Embolismo por soleá, Paula Bruna
Paula Bruna / City and Science Biennial

Embolism por soleá

From 21 February to 26 March 2023

When a tree begins to suffer from drought stress, long before the effects become visible to us, it emits sounds like dull thuds. These noises are caused by air bubbles that form in the tree’s xylem (water and nutrient transport tissue) and so block it, thereby potentially causing the tree to die from an embolia. Scientists use these sounds to study how forests are being affected by climate change.

The embolism sounds like dull clapping that demands to be answered. A transdisciplinary group of environmentalists, flamenco artists and visual artists have listened to what the trees have to say about the climate conditions altered by humankind. Taking flamenco as a shared language, they have established dialogues of interspecies companionship in this situation of global change.

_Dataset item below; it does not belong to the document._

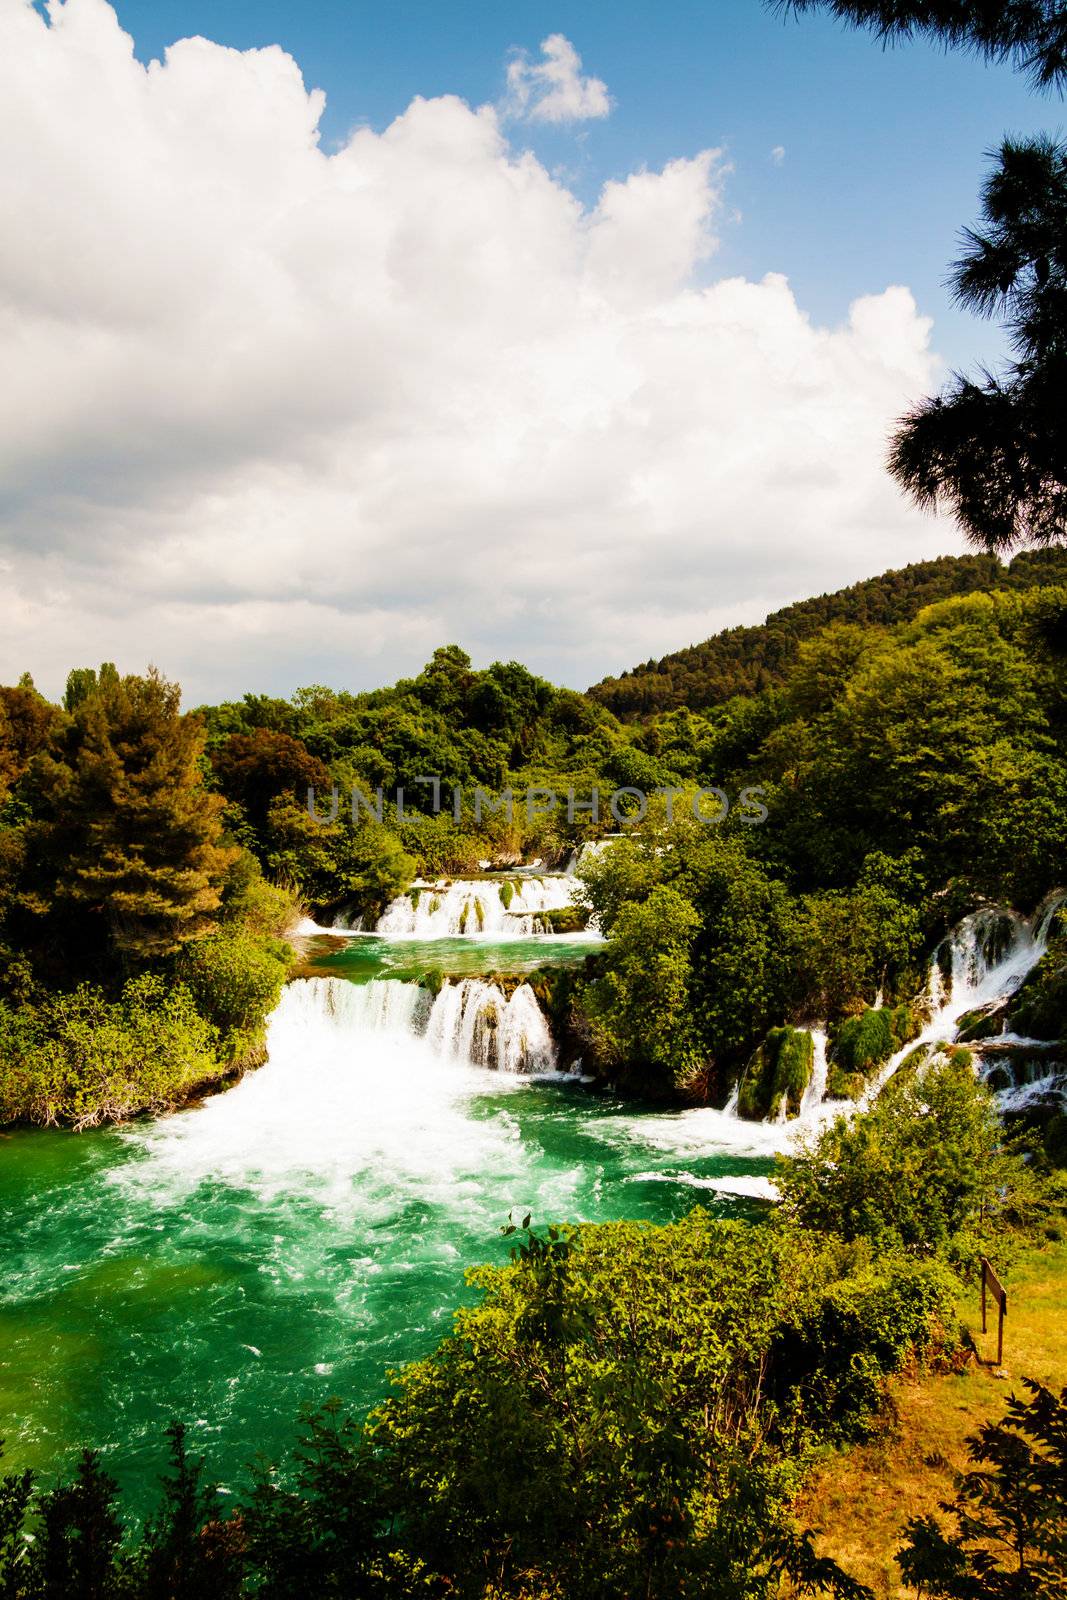 Cascade of waterfalls with emerald pond, Krka national park, Cro by Lamarinx

From her dual perspective as an environmentalist and an artist, Paula Bruna uses artistic inquiry as a form of knowledge in which different disciplines are hybridised. By means of a combination of science, fiction and art, she researches from various non-human points of view the interaction between our society and the ecological system in which it is situated. Her hypothesis is that exploring points of view other than present-day anthropocentrism has an impact on environmental awareness and expands the range of possible forms of cohabitation. She is currently a postdoctoral researcher at the Institut Botànic de Barcelona ­– CSIC.

 

With the participation of: Jordi Martínez-Vilalta, Ana Lorente, Acciones Flamenco Empírico (Carmen Muñoz, Juan Carlos Lérida, Salvador S. Sánchez, Karen Mora, Bernat Jiménez de Cisneros), and the collaboration of Laboratorio de Investigación desde el Flamenco (Institut del Teatre).

 

The City and Science Biennial is a project run by Barcelona City Council through Barcelona Ciència i Universitats that is supported by the Spanish Ministry of Culture and Sport and organised as one of the events to mark Barcelona’s status as Cultural and Science Capital. In this year’s edition, the City and Science Biennial invites us to reflect on life in a time full of challenges of every kind and on every level, and on how we can, through science, address the crises we face every day.